Two in particular were important: the invention of hydraulic mining (which required large amounts of water) and advances in quartz mining, both of which transformed mining into a much more heavily capital-intensive endeavor than it had previously been. (…) The early dominance of entrepreneurial, not industrial, mining meant that typically, miners or teams of miners were competing directly against each other for the gold in a given diggings. Under these circumstances, all miners were competitive threats but foreign, and especially Chinese, miners bore the brunt of antagonism from native miners in part because it was easier to rationalize excluding them. (…) Historians have commonly ascribed anti-foreign and anti-Chinese sentiments during the nineteenth century to nativist and racist tendencies, perhaps fueled by beliefs in Manifest Destiny.” (Mark Kanazawa, ‘Immigration, Exclusion, and Taxation: Anti-Chinese Legislation in Gold Rush’, The Journal of Economic History, Vol. 65, No. 3, Sep., 2005).” Historian Frederick Merck described Manifest Destiny as fuelled by the idea of redemption of the Old World by all the wonderful potentials of the freshly discovered New World, which would serve as an ideal example for the former. According to this belief, American people and institutions had special capabilities; they fought on a mission to create a perfect agrarian America which would rival the old European order. An enticing destiny empowered them to fulfil what they considered their supreme duty.

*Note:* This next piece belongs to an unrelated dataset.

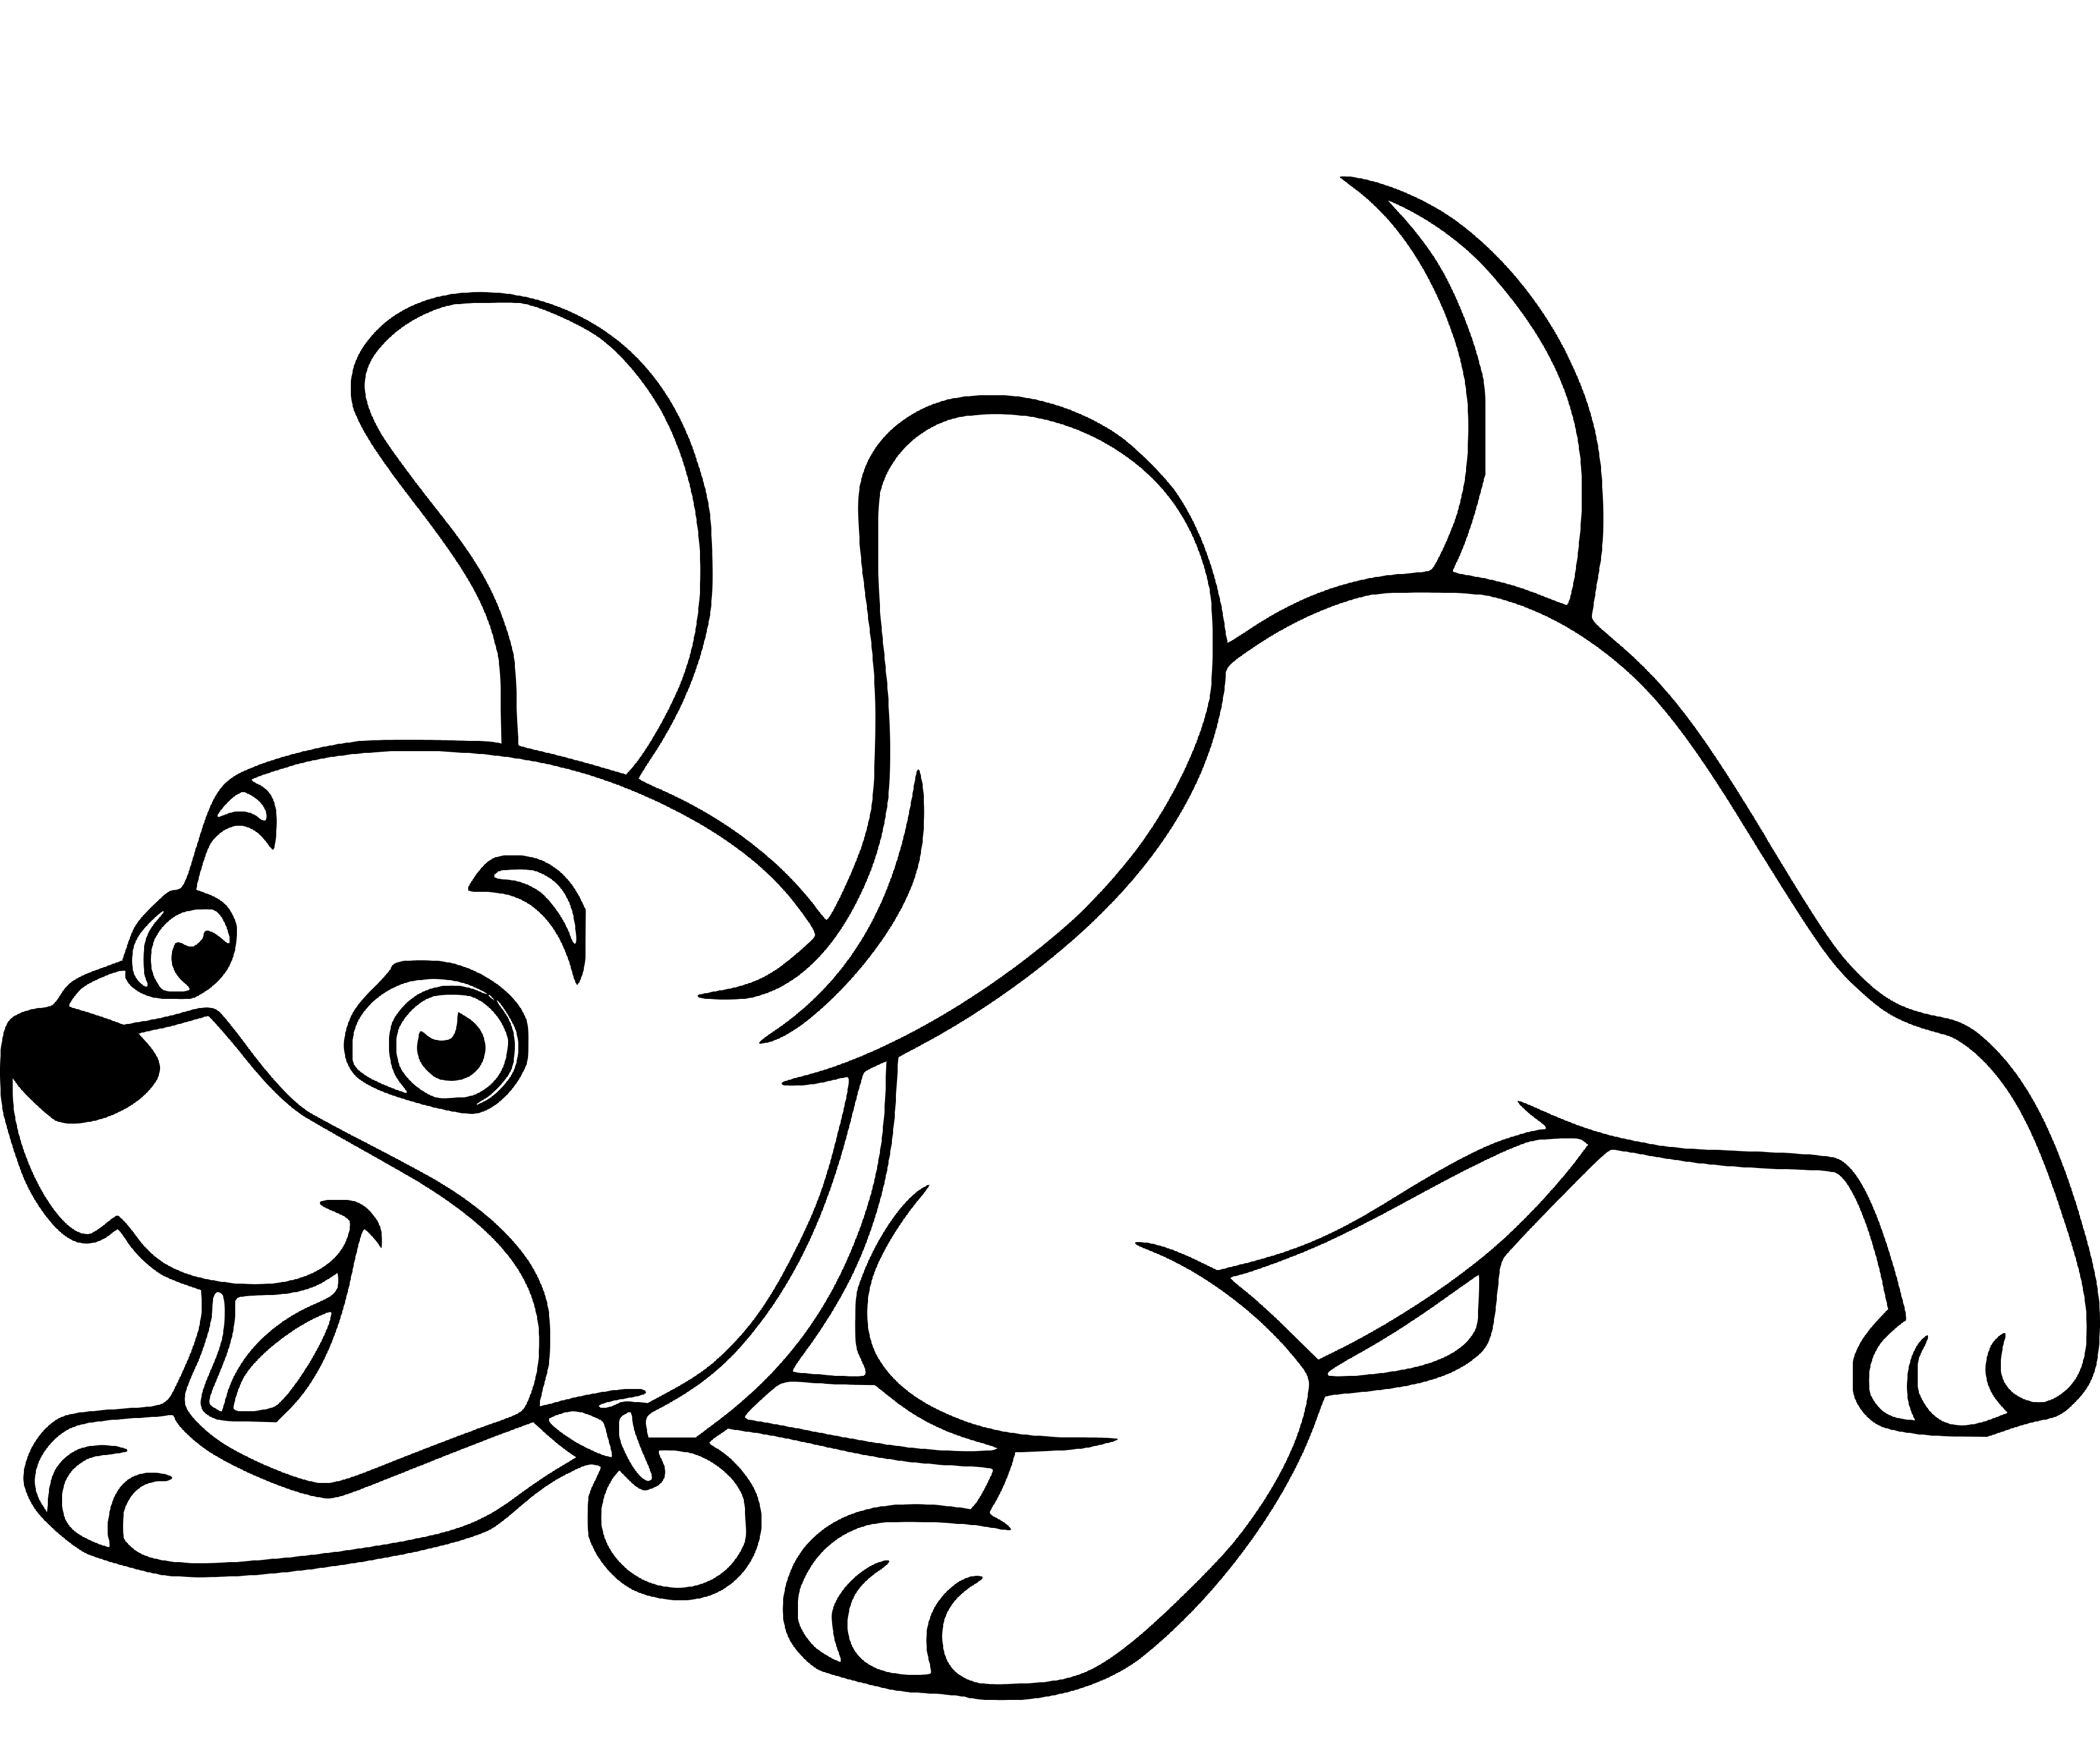 Puppy Coloring Page for kids - SheetalColor.com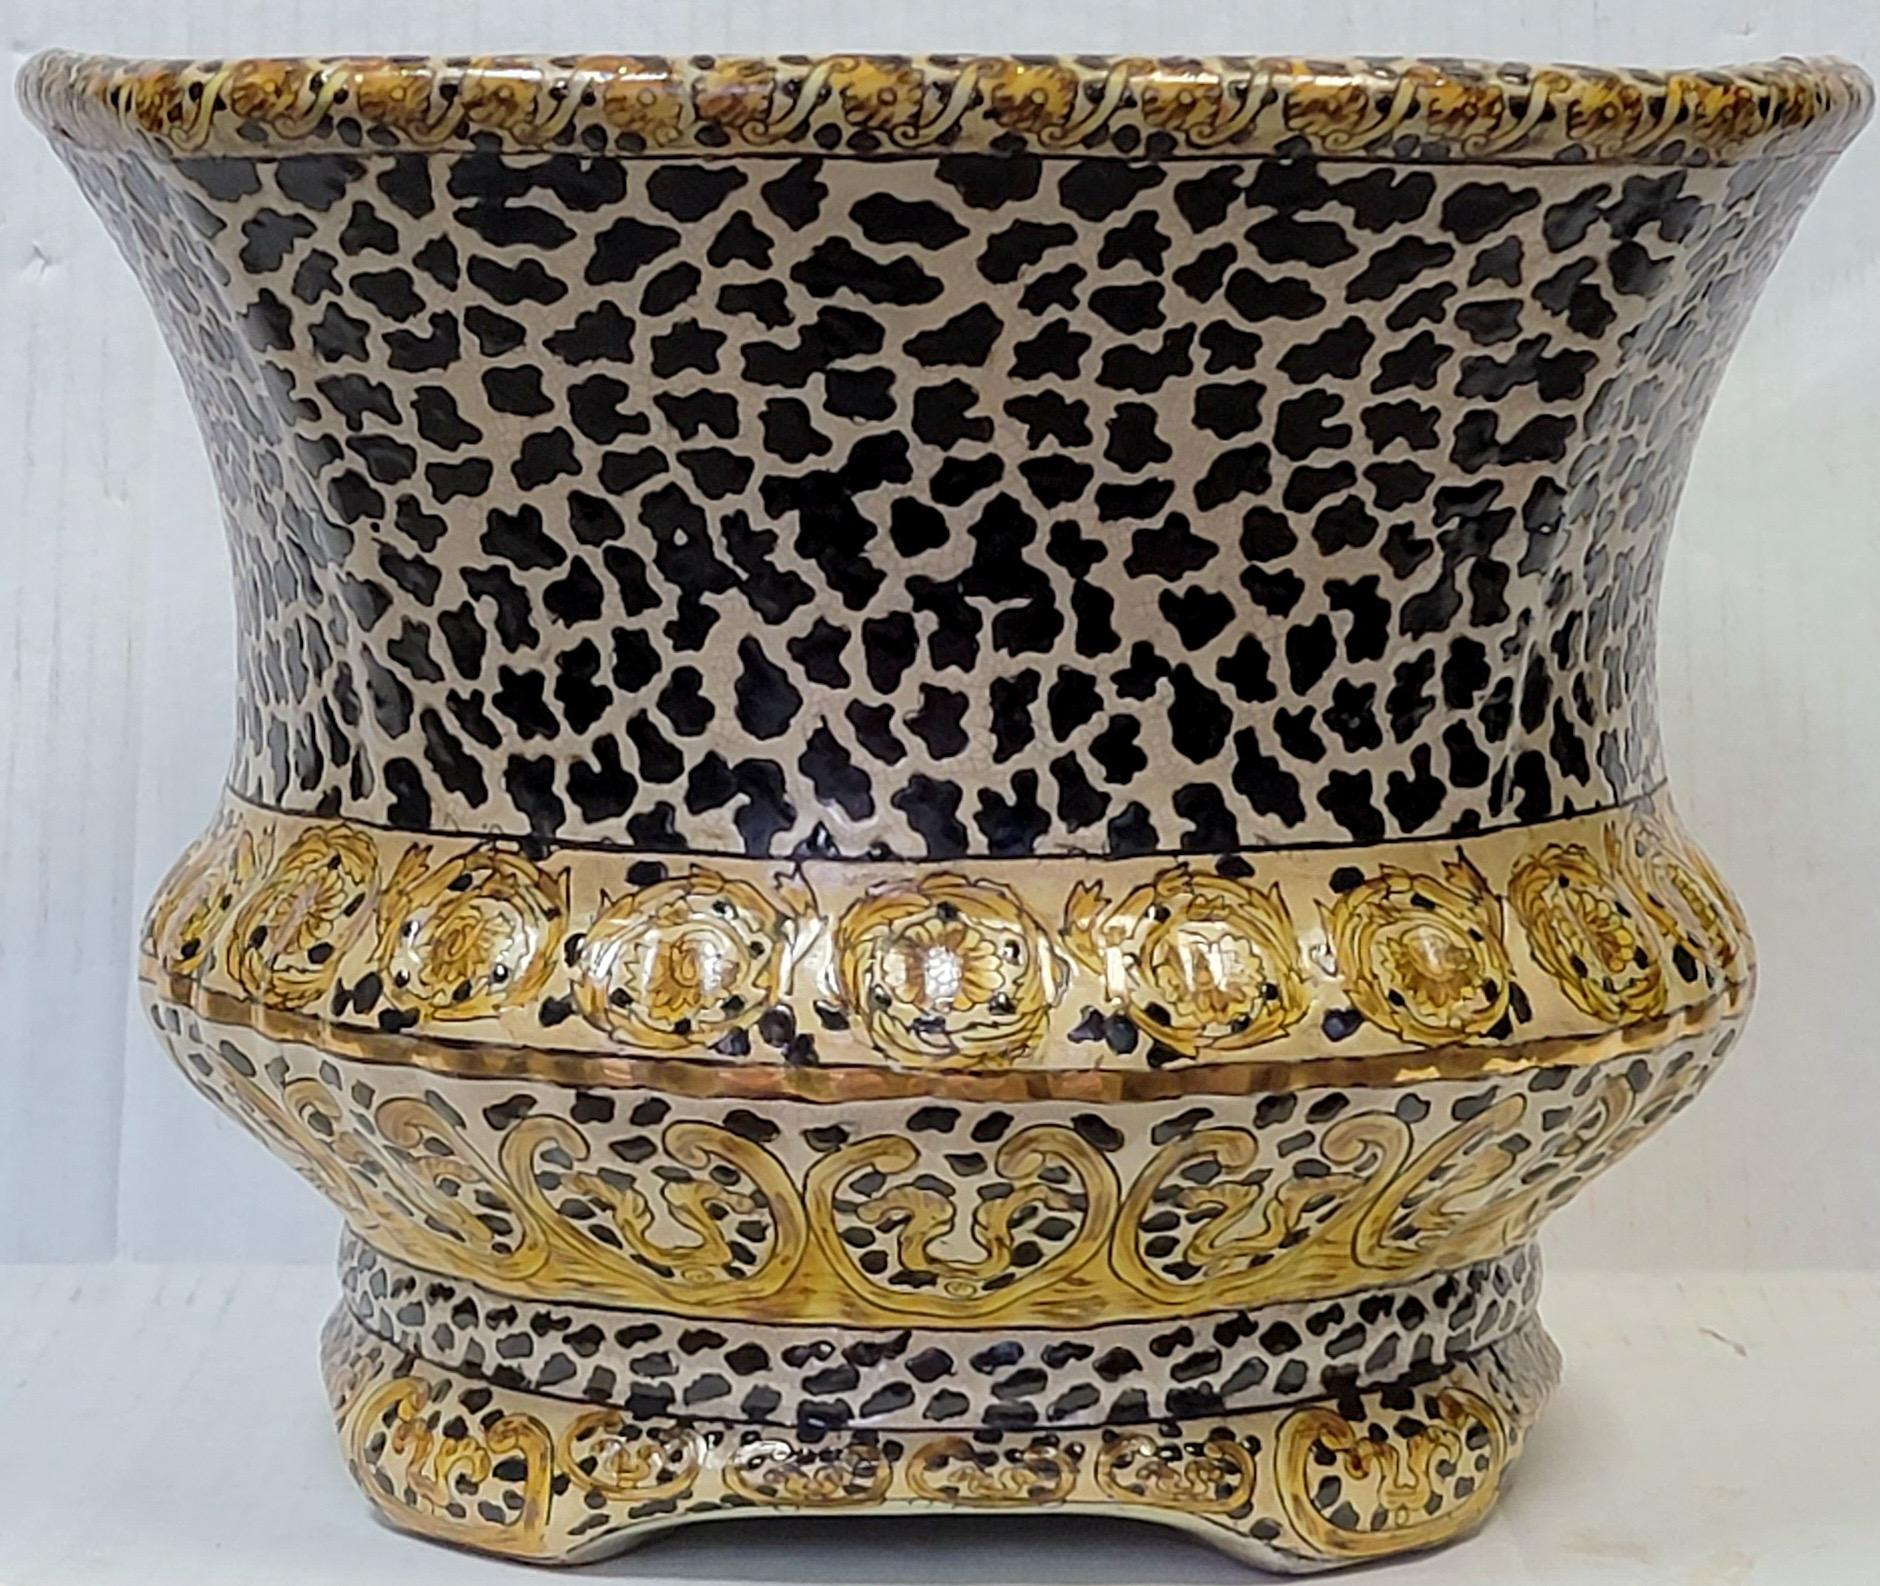 Ceramic Late 20th-C. Large Chinese Export Style Leopard Motif Planter / Cachepot / Vase

When the Chinese arrived, they were treated as outsiders; by being non-European, they did not fit the norms set out by Manifest Destiny, so they ended up being regarded predominantly as cheap labour. There was also, of course, an underlying economic reason for their exclusion: they were incredibly efficient manual labour. “The evidence presented so far suggests that during the California Gold Rush, antipathy toward the Chinese was driven by the simple fact that foreign miners competed with native miners for the scarce gold, thus lowering their productivity and expected income. Opposition to Chinese workers was rationalized in a number of ways, including depictions of them as virtual slaves to “foreign masters and foreign capitalists,” and suggestions that their presence had various negative, and potentially dangerous, social side-effects without which the state would be better off.” (Mark Kanazawa).
In spite of this attitude, congressional legislation only started limiting Chinese immigration in 1882. The only reason for opposition to the exclusion of Chinese immigrants in California in the early 1850s was, that the government discovered that they became important taxpayers, when both the state and localities were experiencing major financial hardship. However, once fiscal conditions improved at the end of the 1850s, state attempts to legislate exclusion were successful and the numbers of Chinese coming to the U.S. started being limited. This is yet another example of the age-old migrant conundrum, which, then, as now, puts the hard-working individual at the bottom of a long list of state priorities.